It returns a function that the user can call inside their analysis script and which will do all the heavy lifting before returning the file location.
For example, the backbone of my research is the ERA5 reanalysis, which is a big global gridded dataset of the atmosphere and the surface of the planet. These data are too big to share but, luckily, they are easy to get. The Climate Data Store serves these datasets to anyone for free.
So let’s say I have a function called download_era5()
which takes a file location and downloads the relevant data using the ecwmfr package.
Then I can define my dataset with
ERA5 <- new_dataset( name = "era5", file = "data_raw/era5.mon.mean.nc", source = download_era5 )

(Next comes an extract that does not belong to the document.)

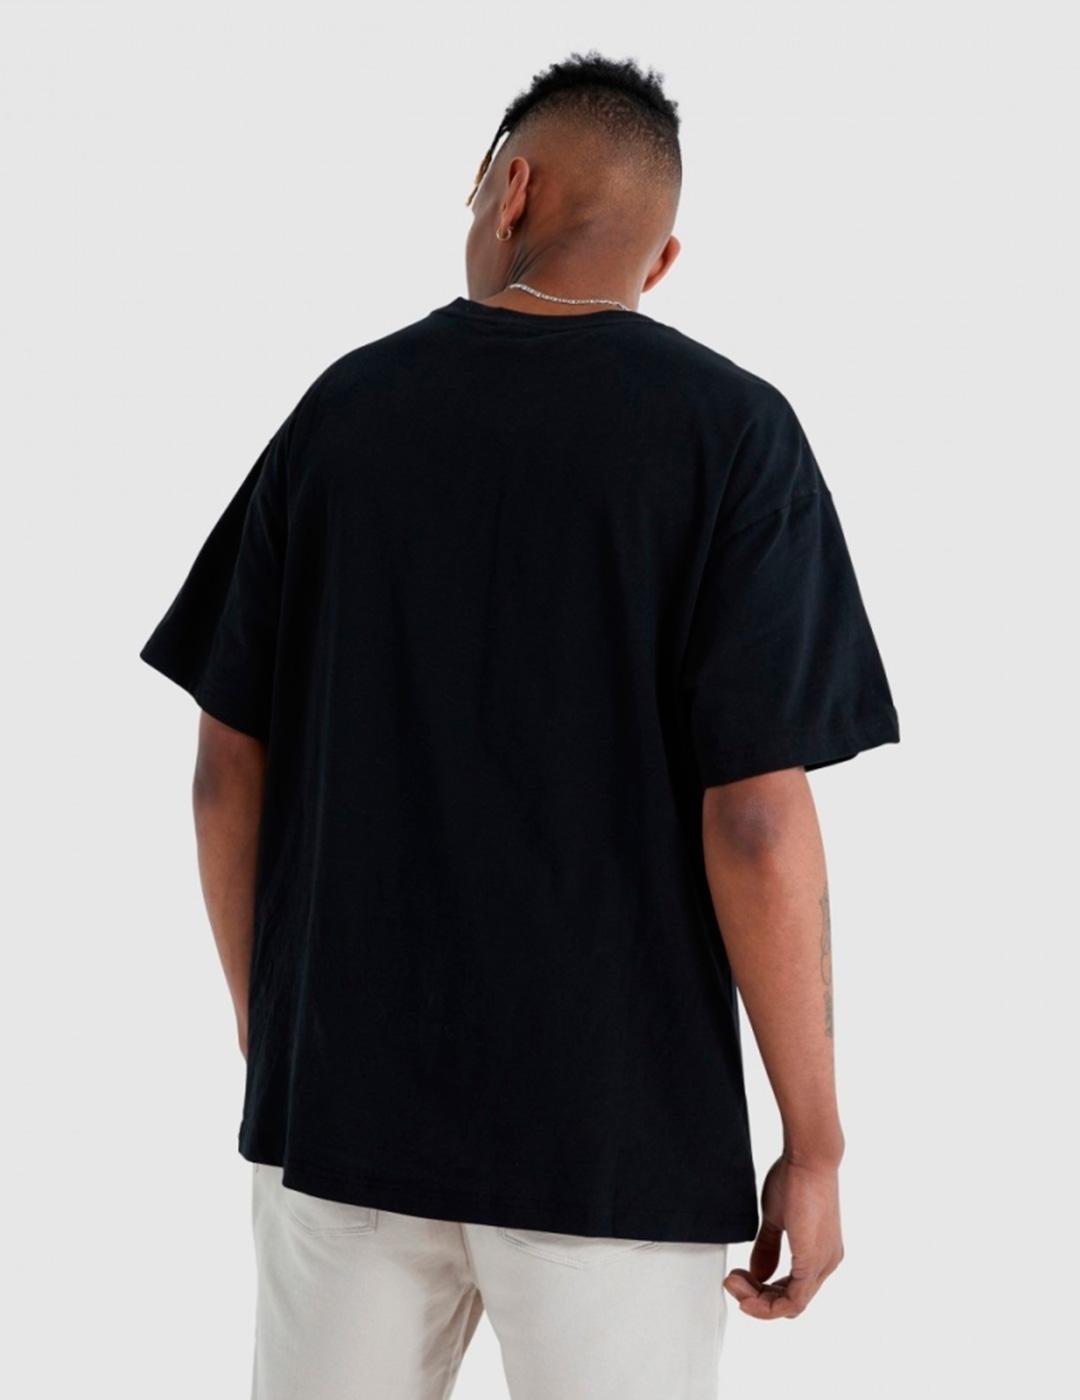 Camiseta Ellesse 'Mabor' Negro

I’d put this on my project package or where I put my scripts. Then, in the main Rmd I just load the dataset with
data <- ERA5() |> metR::ReadNetCDF()
The first time I run this line or knit the file on a new computer it will automatically download the dataset and check that the checksum is correct (the .md5 files need to be shared with the repository).
An important note is to make sure that your source function always returns the same data. This means being very explicit about things like date ranges.
Conclusions
This usage pattern can be extended a lot, which is why I like it. If the dataset is a function, you can go crazy and make it do a lot of background work! For instance, you could include citation information in your function and make it populate the relevant .bib file only if the function is used and with the exact date the data was downloaded on.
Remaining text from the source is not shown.